Capítulo 100: Secado al Aire
  Suertes Yinghao corrió hacia ella, tomó su bolso y sacó su teléfono móvil.
  Ye Anqian no trató de arrebatarle el teléfono porque no tenía secretos, por lo que no se preocupaba.
  Él solo había sido un socio masculino en negocios.
  Al ver la llamada entrante, Suertes Yinghao palideció instantáneamente. "Este muchacho, ¡tiene que estar loco!" maldijo entre dientes.
  Ye Anqian quitó sus zapatillas y saltó al sofá. "¿Quién es?"
  Suertes Yinghao vio que ella saltaba y corrió a ayudarla. "Cuidado, no te caigas." Inmediatamente se volvió suave.
  "Estoy bien," dijo sentándose en el respaldo del sofá y rodeando los hombros de Suertes Yinghao con un brazo.
  "Mira, ¿por qué siempre me llama?" Suertes Yinghao le pasó el teléfono para que lo viera sentarse junto a ella.
  Al ver el nombre Icán Yuhán, Ye Anqian se puso de malhumor. "Déjalo en paz," dijo y saltó del sofá hacia la cocina.
  "Calzado," gritó Suertes Yinghao.
  "No lo voy a poner," respondió ella mientras corría.

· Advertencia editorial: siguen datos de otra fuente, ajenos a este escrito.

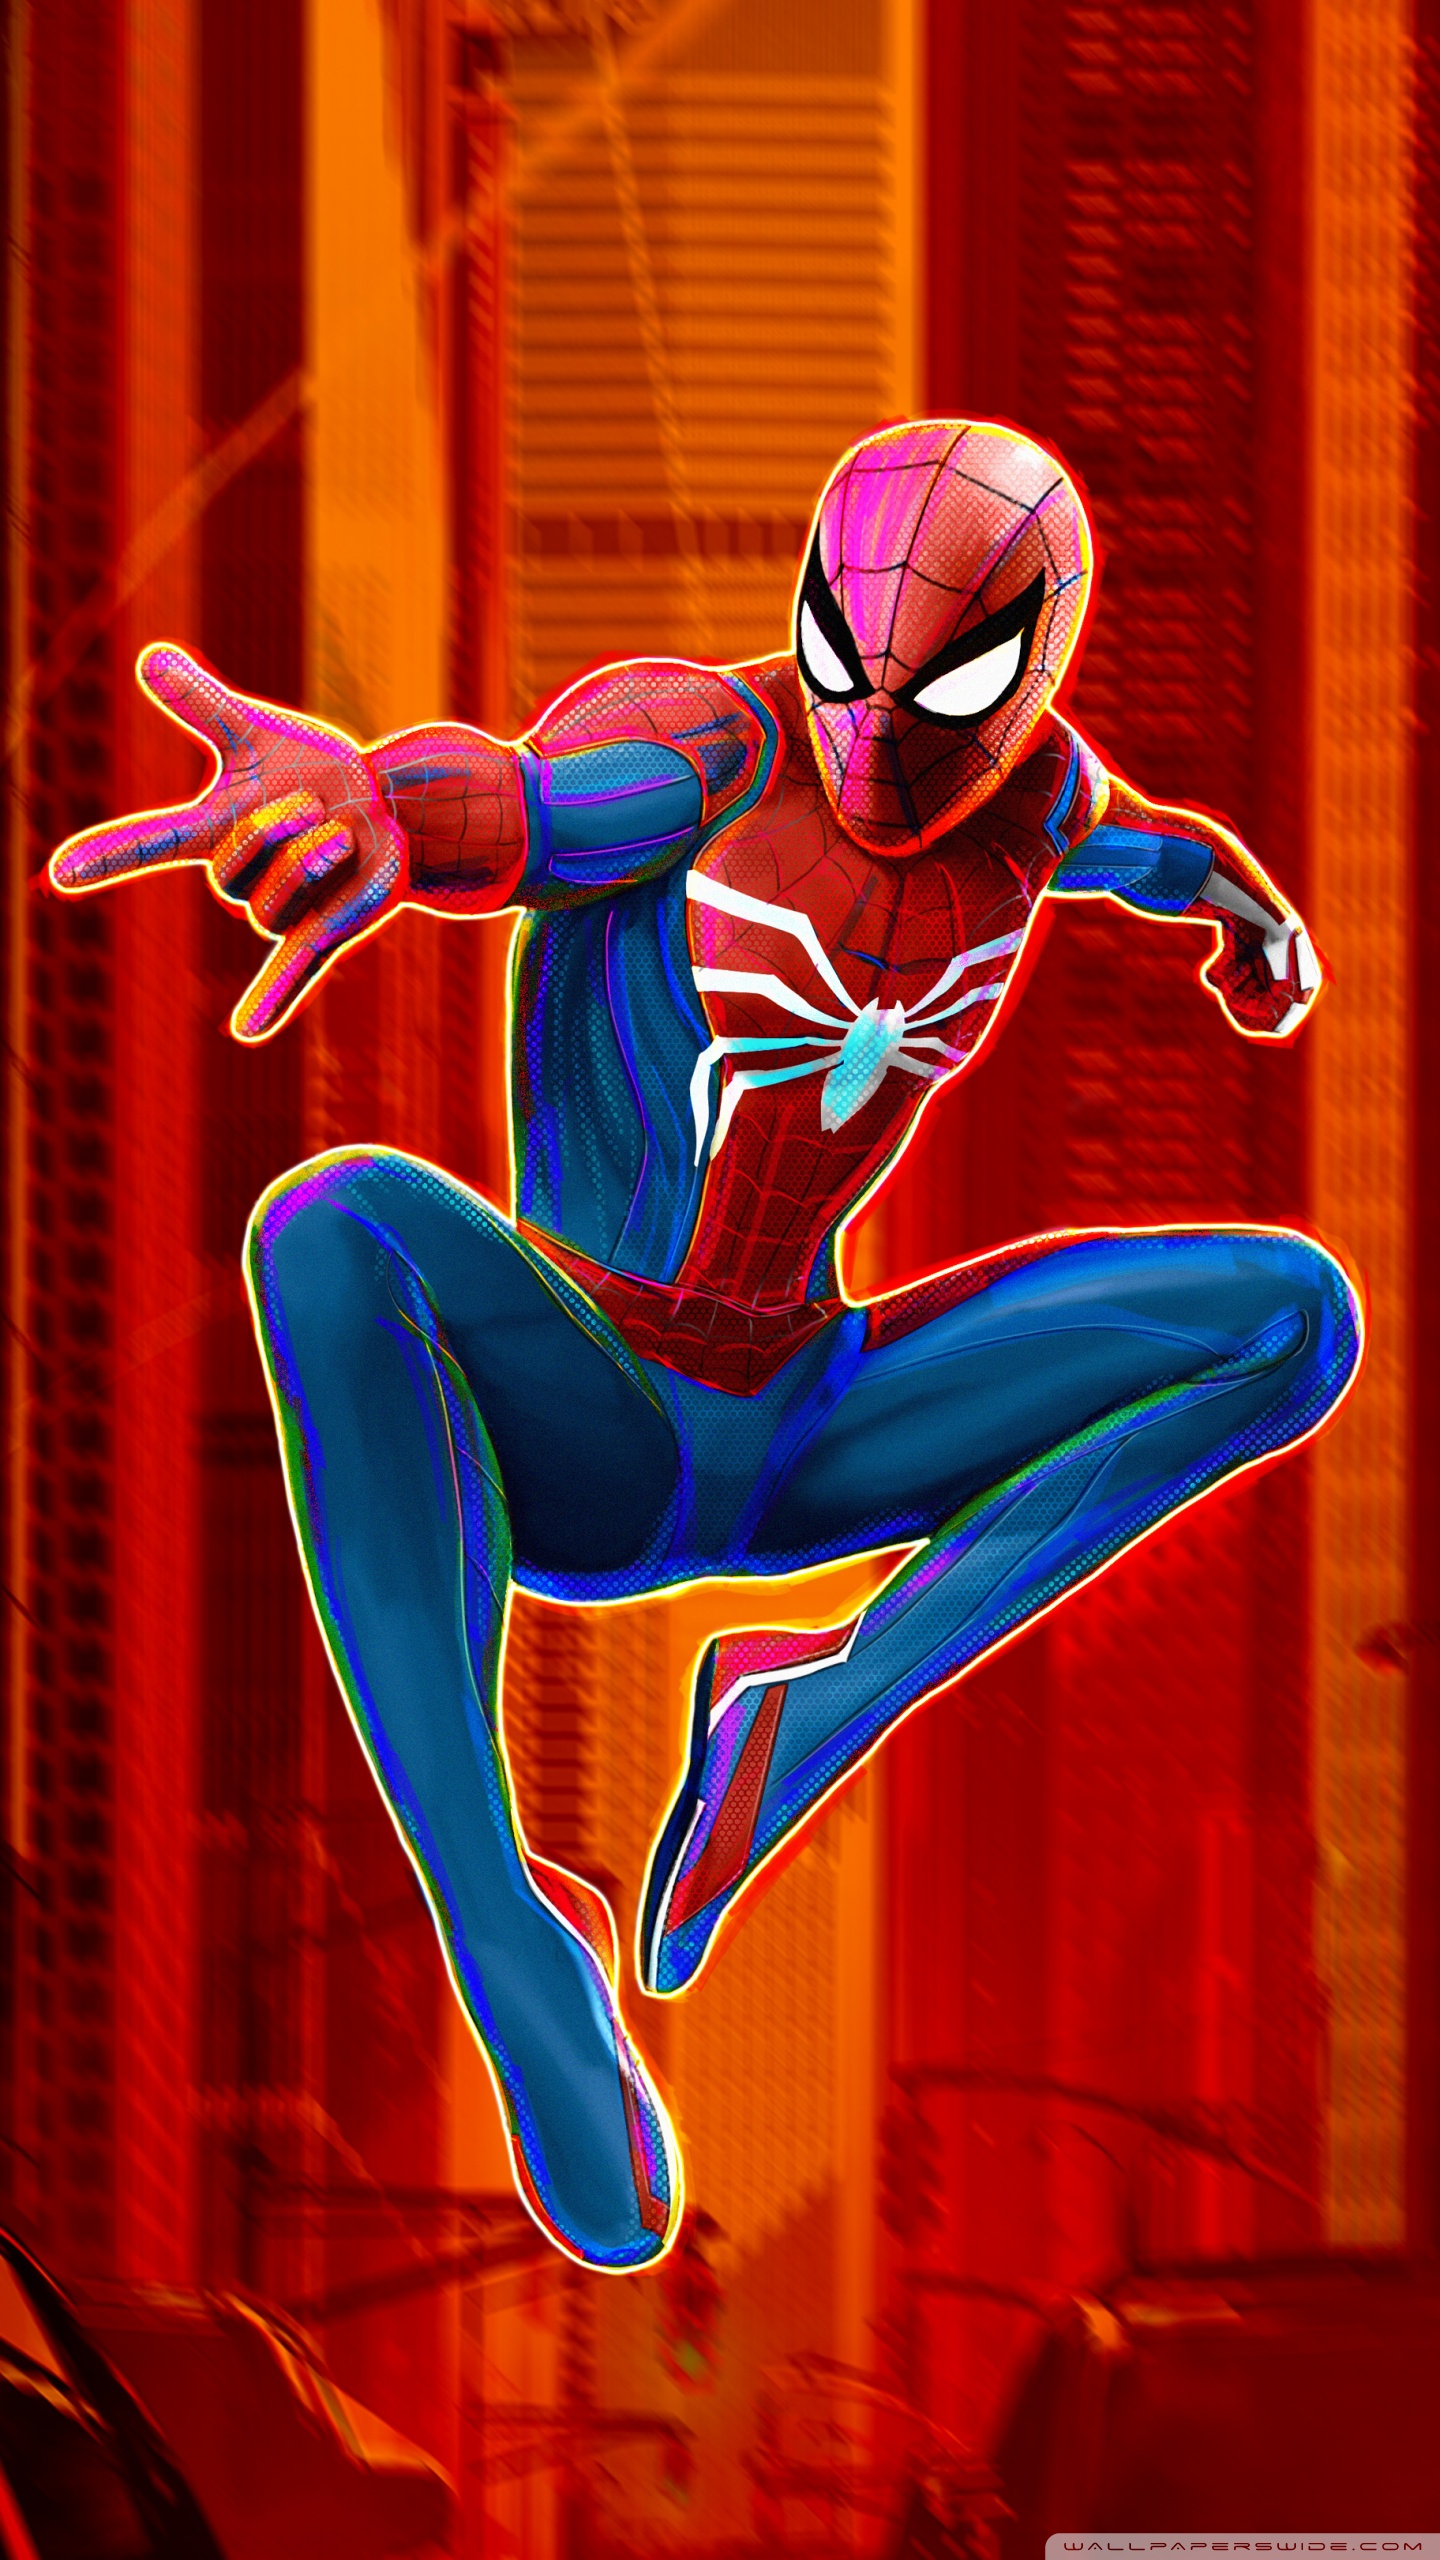 Spider man wallpapers 4k  Download HighResolution Images

  Suertes Yinghao suspiró al ver su silueta. "Esta mocosa."
  Observaba el teléfono en su mano, que seguía sonando insistentemente como si no se calmara hasta que él atendiera.

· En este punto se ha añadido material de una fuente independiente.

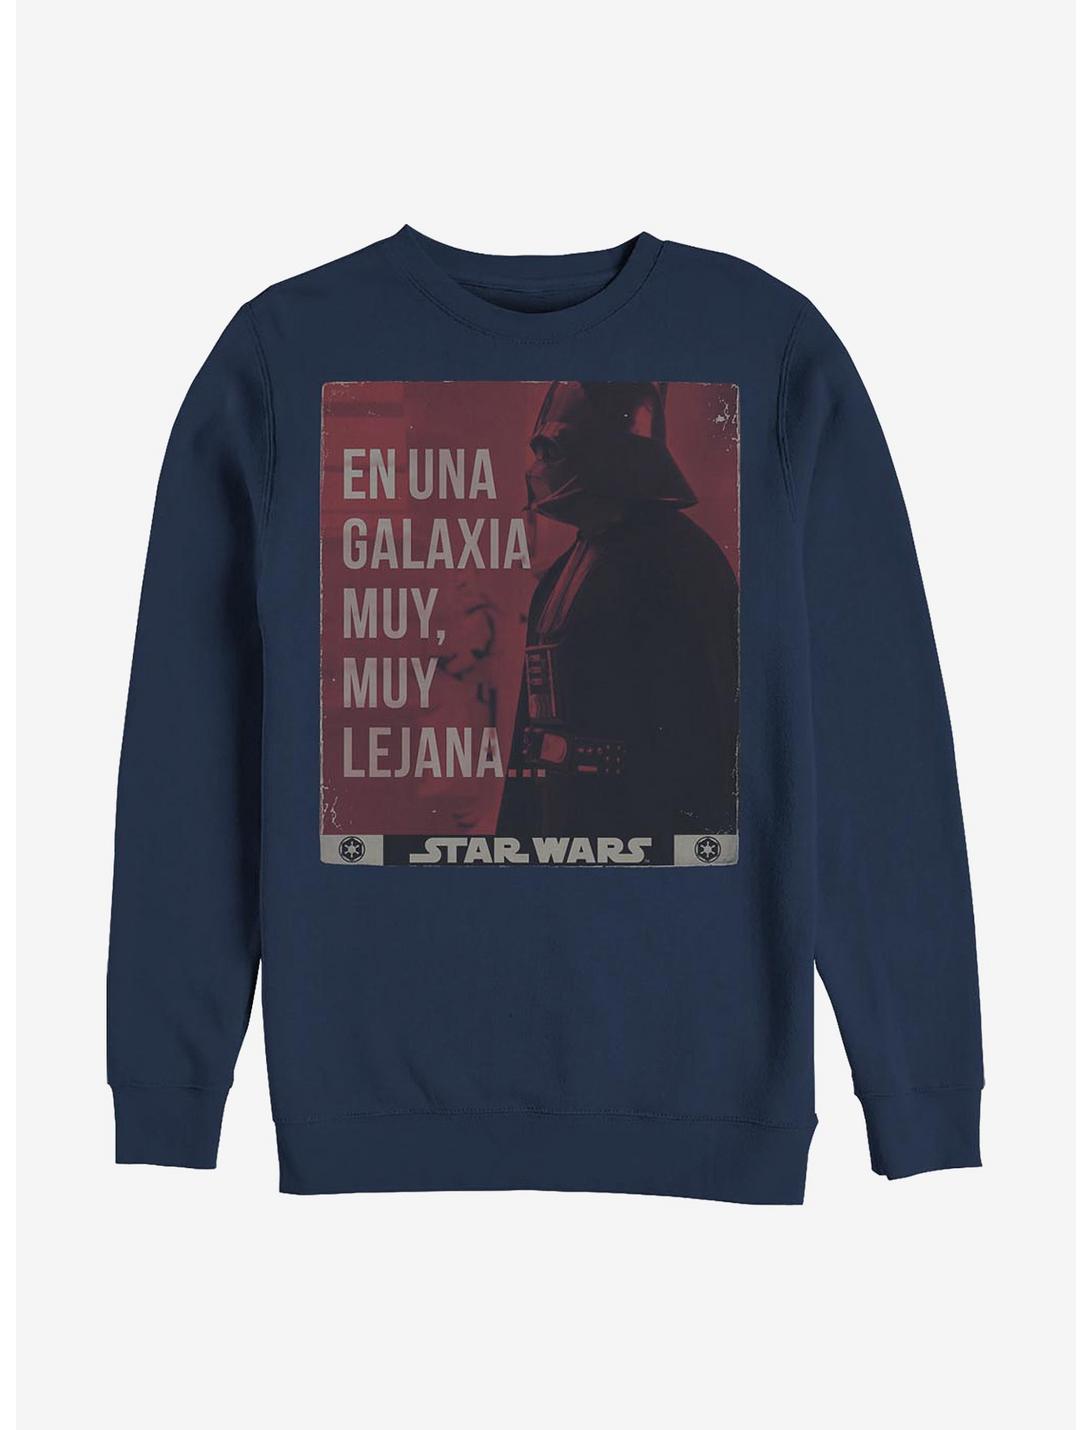 Star Wars Una Galaxia Crew Sweatshirt, NAVY, hi-res

  "¿Hola, ¿diga?" respondió al teléfono.
  Al escuchar su voz, nadie respondió del otro lado.
  "¿Hola, ¿diga?" dijo de nuevo, muy educadamente.
  Esta vez, el teléfono fue colgado.
  Se rió irónicamente. "¡Te robas a mi mujer, niño! Eres demasiado joven." Colocó el teléfono en la mesita de café.

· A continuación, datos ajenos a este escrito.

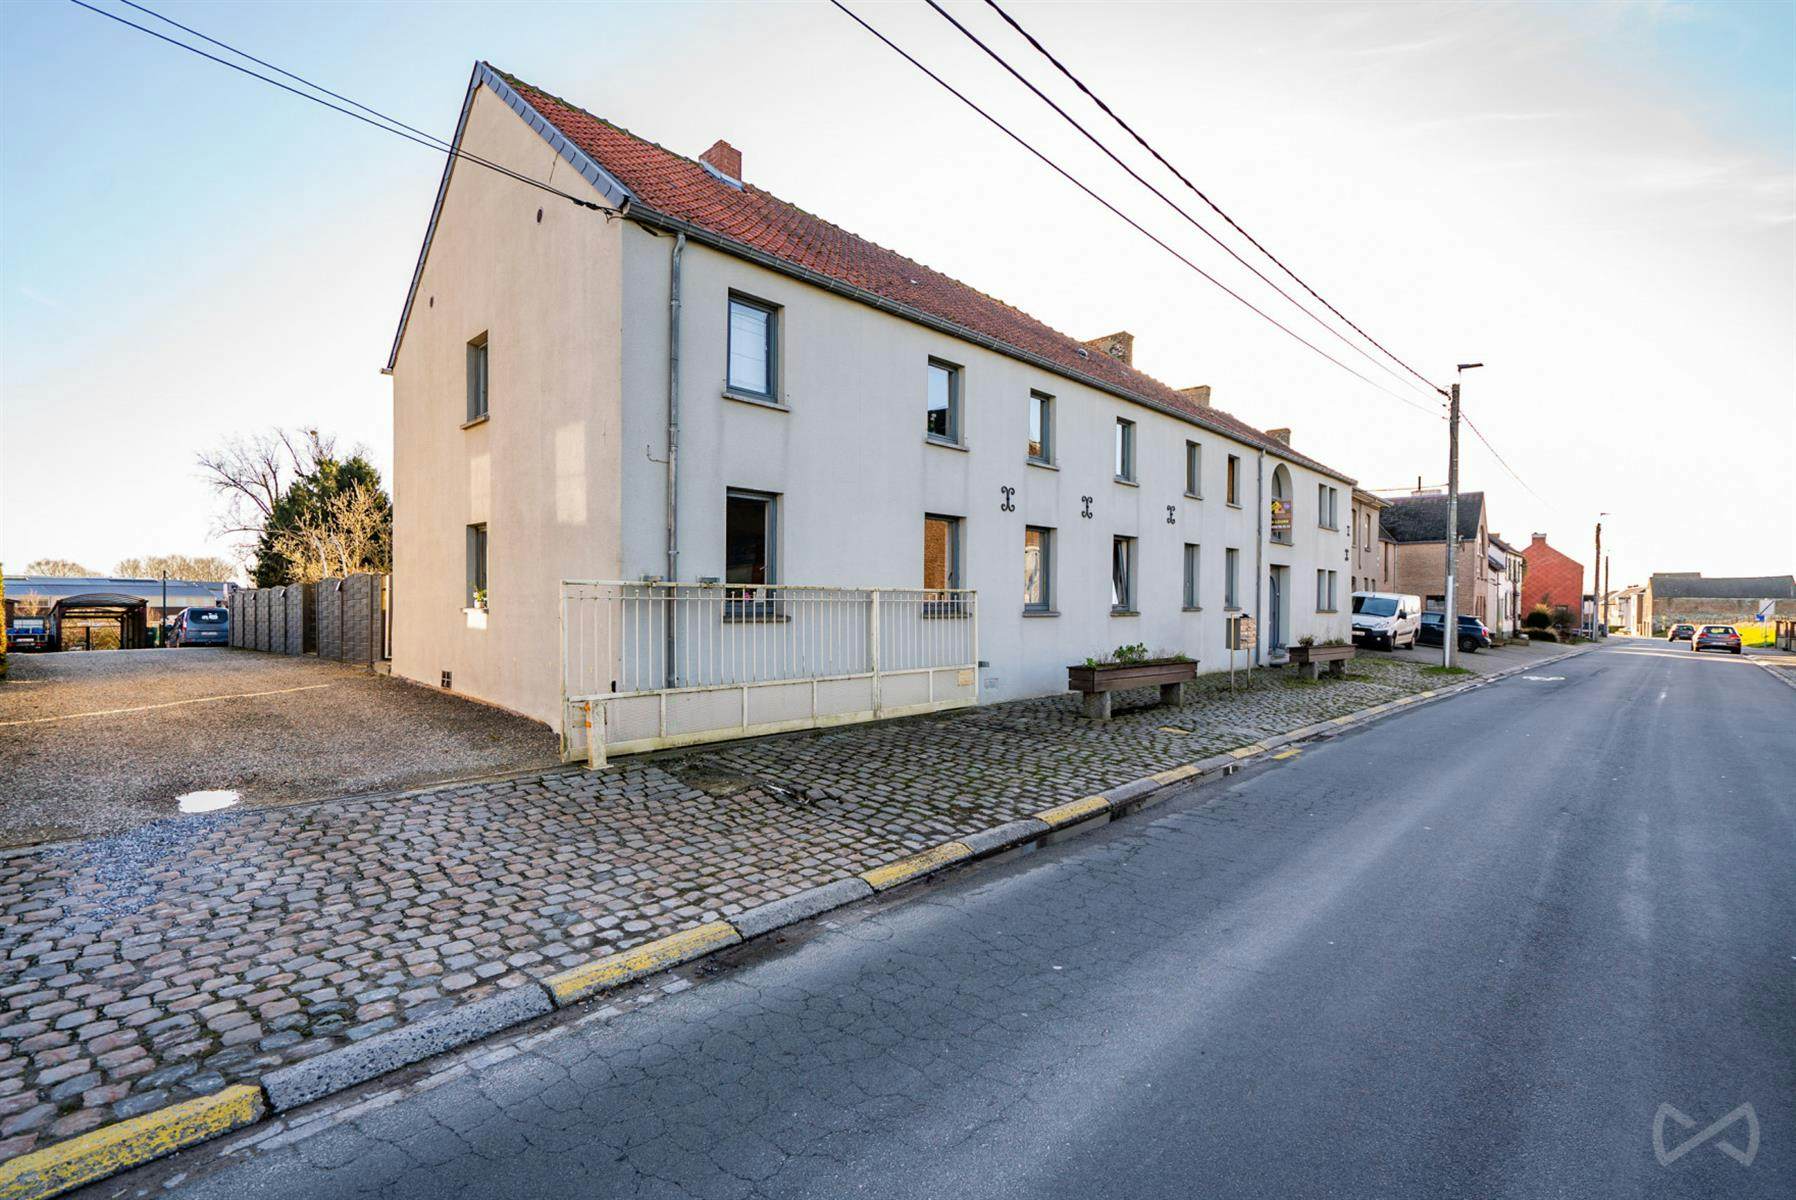 Foto 3 van 4 van Appartement met twee slaapkamers in Walhain Tourinnes-Saint-Lambert

  Sabía desde que Icán Yuhán le hablara cuánto era un ingenuo.
  "Marido, ¿comerás helado?" salió la cabeza pequeña de Ye Anqian de la cocina.
  "¡Tú come! No me gusta," dijo él moviendo su mano en señal de despedida.
  "Oh," respondió ella y se metió de nuevo a la cocina.
  Después de un rato, con una heladerita en una mano y un plato de frutas en la otra, salió.
  Colocó el plato de frutas frente al mesita de café donde estaba Suertes Yinghao. "Si no te gusta el helado, come algo de fruta para suplir tu nutrición."
  Mirándolo con una sonrisa significativa y comiendo su helado, tomó el control remoto y encendió la televisión. No preguntó sobre el teléfono anteriormente mencionado.
  Tomó el brazo de Suertes Yinghao que estaba en sus piernas y se tumbó a descansar viendo la tele mientras comía su helado.
  "¿Por qué no preguntas cómo traje al asunto del teléfono?" jugueteando con su larga melena.
  Ella levantó la cabeza para verlo. "No me interesa." Siguió viendo la televisión.
  "Escuché su nombre y me sentí muy nauseado," dijo. "Te pediría a tu asistente que cambiara el número, mejor aún un par de números similares."
  Suertes Yinghao no respondió, solo mirándola en silencio.
  De repente, ella levantó la cabeza y dijo: "¿Crees que tu asistente no pueda conseguir un número similar al tuyo?"
  "Para eso no necesito a mi asistente," movió su cabeza. Se levantó y fue hacia el estudio.
  Ye Anqian se sentó, esperando su regreso.
  No mucho después, volvió con algo en las manos.
  Se sentó a su lado y le entregó una nueva tarjeta SIM. "La tenía preparada desde antes, pero estabas siempre esquivándome."
  "¿Qué quieres decir?" se quejó ella.
  "Significa que esa vez, al volver de viaje, no comí nada porque estaba esperando verte, pero tú huyiste cuando te vi," dijo él levantando su cabeza.